(Dataset records)
____

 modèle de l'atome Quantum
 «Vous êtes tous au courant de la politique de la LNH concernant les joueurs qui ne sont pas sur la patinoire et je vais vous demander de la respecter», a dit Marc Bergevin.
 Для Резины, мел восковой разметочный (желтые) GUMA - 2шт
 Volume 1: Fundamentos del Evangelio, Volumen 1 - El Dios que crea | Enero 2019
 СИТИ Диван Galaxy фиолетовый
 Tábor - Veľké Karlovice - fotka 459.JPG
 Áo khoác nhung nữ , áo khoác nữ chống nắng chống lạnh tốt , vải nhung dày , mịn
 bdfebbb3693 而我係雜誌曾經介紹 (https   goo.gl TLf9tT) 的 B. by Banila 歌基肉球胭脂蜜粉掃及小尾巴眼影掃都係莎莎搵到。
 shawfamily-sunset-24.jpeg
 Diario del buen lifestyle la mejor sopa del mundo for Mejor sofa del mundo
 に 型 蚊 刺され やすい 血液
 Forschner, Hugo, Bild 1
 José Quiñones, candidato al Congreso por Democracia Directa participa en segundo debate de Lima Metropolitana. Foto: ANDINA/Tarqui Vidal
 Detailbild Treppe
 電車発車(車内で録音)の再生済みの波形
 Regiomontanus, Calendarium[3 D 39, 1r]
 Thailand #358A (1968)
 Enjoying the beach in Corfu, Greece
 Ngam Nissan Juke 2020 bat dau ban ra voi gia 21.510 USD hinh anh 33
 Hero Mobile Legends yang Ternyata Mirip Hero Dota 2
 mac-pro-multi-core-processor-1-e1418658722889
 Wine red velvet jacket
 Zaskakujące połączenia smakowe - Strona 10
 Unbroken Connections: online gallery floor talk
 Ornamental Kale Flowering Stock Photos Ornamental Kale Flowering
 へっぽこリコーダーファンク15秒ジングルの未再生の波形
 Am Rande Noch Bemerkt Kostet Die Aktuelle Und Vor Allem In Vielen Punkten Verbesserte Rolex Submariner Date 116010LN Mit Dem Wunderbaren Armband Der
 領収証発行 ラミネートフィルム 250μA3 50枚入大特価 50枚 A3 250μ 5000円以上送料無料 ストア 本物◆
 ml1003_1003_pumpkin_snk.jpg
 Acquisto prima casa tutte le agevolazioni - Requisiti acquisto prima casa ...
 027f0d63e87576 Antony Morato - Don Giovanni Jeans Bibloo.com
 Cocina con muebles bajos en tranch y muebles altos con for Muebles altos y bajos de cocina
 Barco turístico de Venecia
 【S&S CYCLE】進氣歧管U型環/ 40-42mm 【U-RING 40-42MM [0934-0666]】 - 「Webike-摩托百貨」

____

### Exercise description
Reproduce verbatim only the lines from the one holding "Ornamental Kale Flowering Stock" through the end of the records.

### Answer
 Ornamental Kale Flowering Stock Photos Ornamental Kale Flowering
 へっぽこリコーダーファンク15秒ジングルの未再生の波形
 Am Rande Noch Bemerkt Kostet Die Aktuelle Und Vor Allem In Vielen Punkten Verbesserte Rolex Submariner Date 116010LN Mit Dem Wunderbaren Armband Der
 領収証発行 ラミネートフィルム 250μA3 50枚入大特価 50枚 A3 250μ 5000円以上送料無料 ストア 本物◆
 ml1003_1003_pumpkin_snk.jpg
 Acquisto prima casa tutte le agevolazioni - Requisiti acquisto prima casa ...
 027f0d63e87576 Antony Morato - Don Giovanni Jeans Bibloo.com
 Cocina con muebles bajos en tranch y muebles altos con for Muebles altos y bajos de cocina
 Barco turístico de Venecia
 【S&S CYCLE】進氣歧管U型環/ 40-42mm 【U-RING 40-42MM [0934-0666]】 - 「Webike-摩托百貨」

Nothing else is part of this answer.